1420 The default value is HALF_INTEGER.
1421
1422 If HALF_INTEGER, the fractionary part of the position will be 0.5
1423 If INTEGER, the fractionary part of the position will be 0.0
1424
1425 Note that this does not affect the set of fragments generated by
1426 rasterization, which is instead controlled by gl_rasterization_rules in the
1427 rasterizer.
1428
1429 OpenGL defaults to HALF_INTEGER, and is configurable with the
1430 GL_ARB_fragment_coord_conventions extension.
1431
1432 DirectX 9 uses INTEGER.
1433 DirectX 10 uses HALF_INTEGER.
1434
1435
1436
1437 Texture Sampling and Texture Formats
1438 ------------------------------------
1439
1440 This table shows how texture image components are returned as (x,y,z,w)
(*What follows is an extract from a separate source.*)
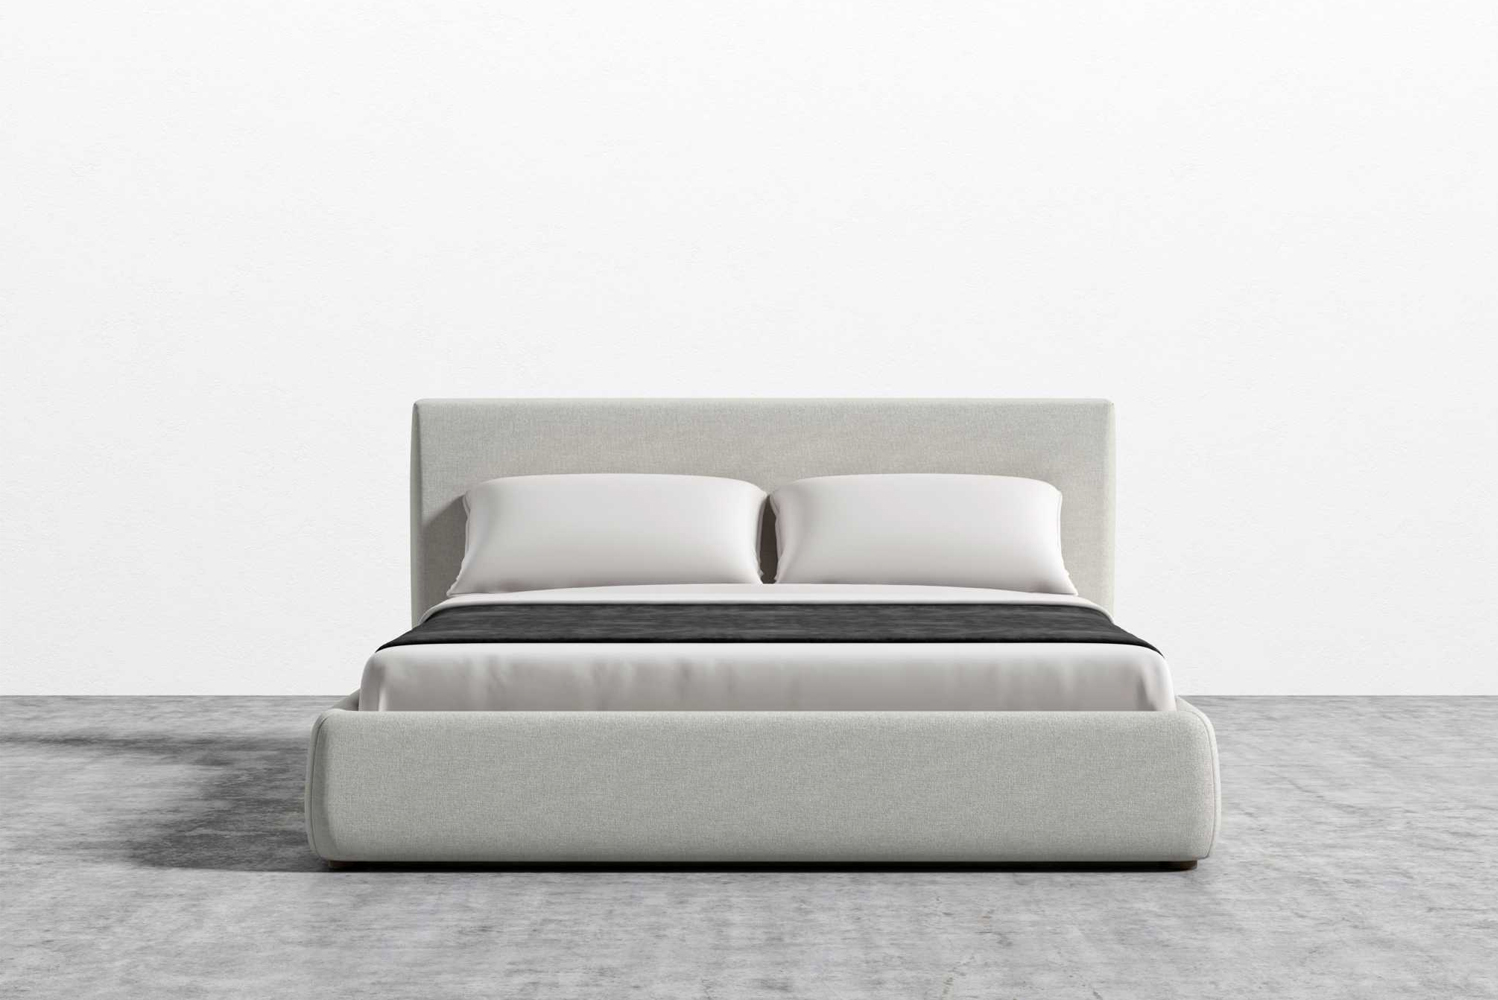 Rove Concepts announced the Ophelia a bed frame with smooth upholstery plush cushioning and rounded edges 
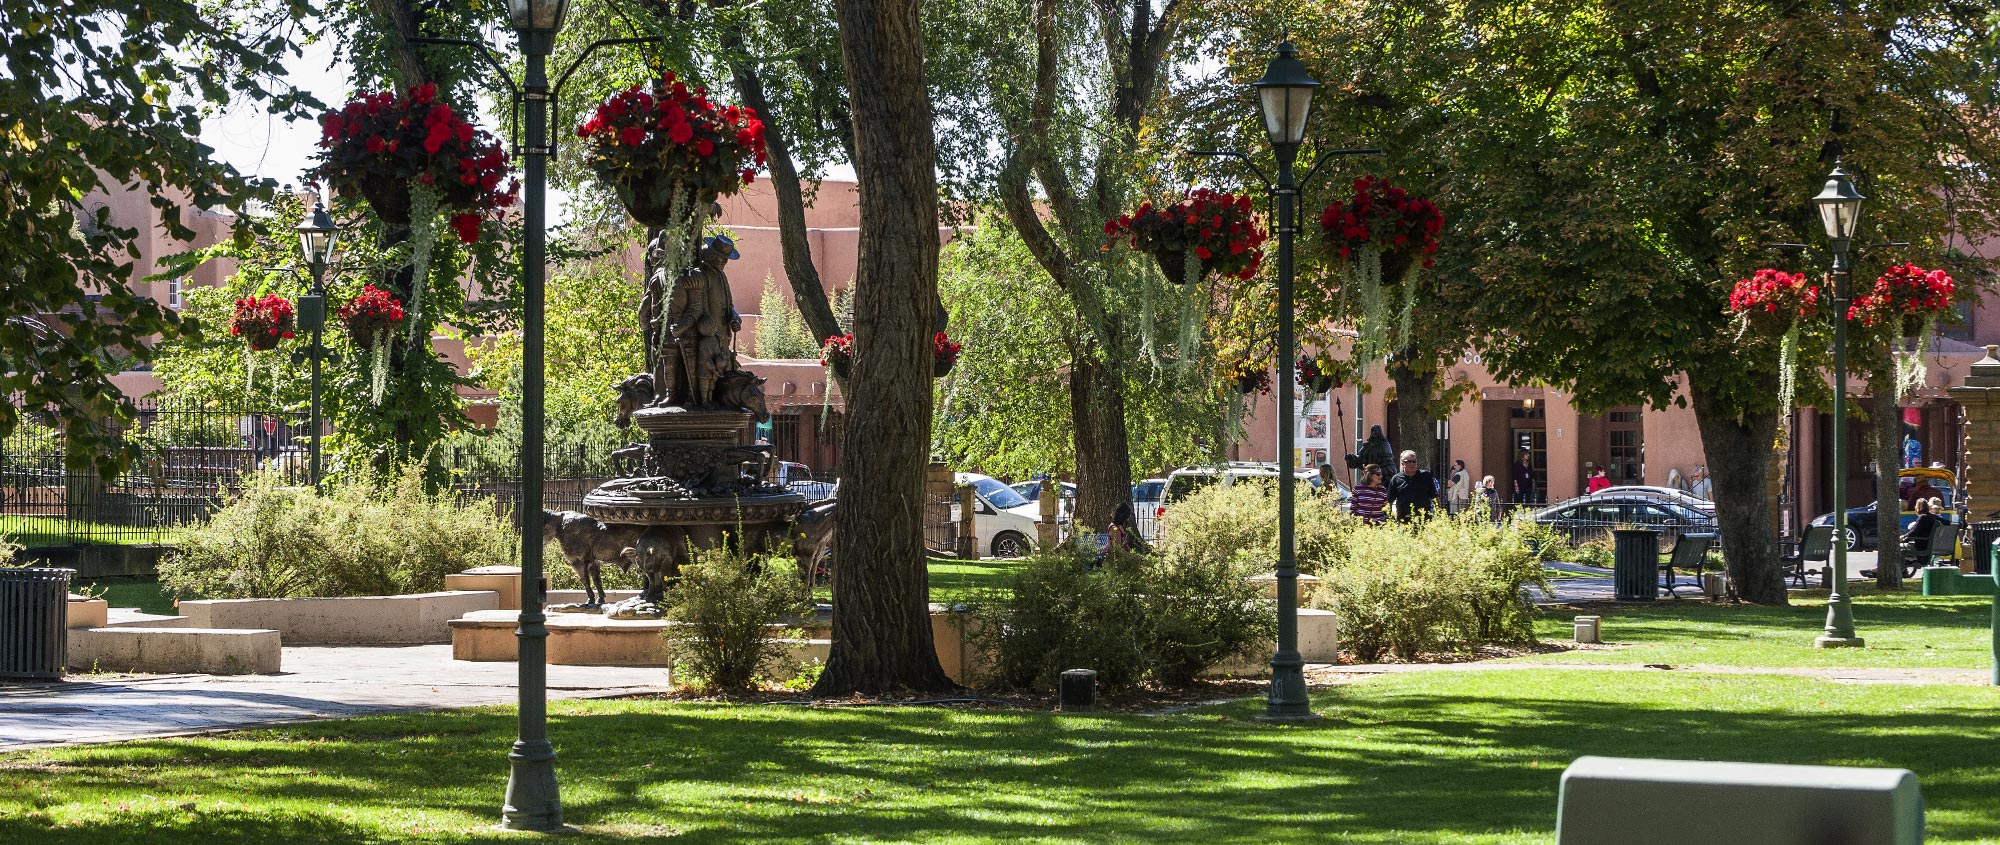 Cathedral Park in downtown Santa Fe. Shade trees, green grass, and statue.

1441 tuples by TGSI texture instructions, such as TEX, TXD, and TXP.
1442 For reference, OpenGL and Direct3D conventions are shown as well.
1443
1444 +--------------------+--------------+--------------------+--------------+
1445 | Texture Components | Gallium | OpenGL | Direct3D 9 |
1446 +====================+==============+====================+==============+
1447 | R | XXX TBD | (r, 0, 0, 1) | (r, 1, 1, 1) |
1448 +--------------------+--------------+--------------------+--------------+
1449 | RG | XXX TBD | (r, g, 0, 1) | (r, g, 1, 1) |
1450 +--------------------+--------------+--------------------+--------------+
1451 | RGB | (r, g, b, 1) | (r, g, b, 1) | (r, g, b, 1) |
1452 +--------------------+--------------+--------------------+--------------+
1453 | RGBA | (r, g, b, a) | (r, g, b, a) | (r, g, b, a) |
1454 +--------------------+--------------+--------------------+--------------+
1455 | A | (0, 0, 0, a) | (0, 0, 0, a) | (0, 0, 0, a) |
1456 +--------------------+--------------+--------------------+--------------+
1457 | L | (l, l, l, 1) | (l, l, l, 1) | (l, l, l, 1) |
1458 +--------------------+--------------+--------------------+--------------+
1459 | LA | (l, l, l, a) | (l, l, l, a) | (l, l, l, a) |
1460 +--------------------+--------------+--------------------+--------------+
1461 | I | (i, i, i, i) | (i, i, i, i) | N/A |
1462 +--------------------+--------------+--------------------+--------------+
1463 | UV | XXX TBD | (0, 0, 0, 1) | (u, v, 1, 1) |
1464 | | | [#envmap-bumpmap]_ | |
1465 +--------------------+--------------+--------------------+--------------+
1466 | Z | XXX TBD | (z, z, z, 1) | (0, z, 0, 1) |
1467 | | | [#depth-tex-mode]_ | |
1468 +--------------------+--------------+--------------------+--------------+
1469
1470 .. [#envmap-bumpmap] http://www.opengl.org/registry/specs/ATI/envmap_bumpmap.txt
1471 .. [#depth-tex-mode] the default is (z, z, z, 1) but may also be (0, 0, 0, z)
1472 or (z, z, z, z) depending on the value of GL_DEPTH_TEXTURE_MODE.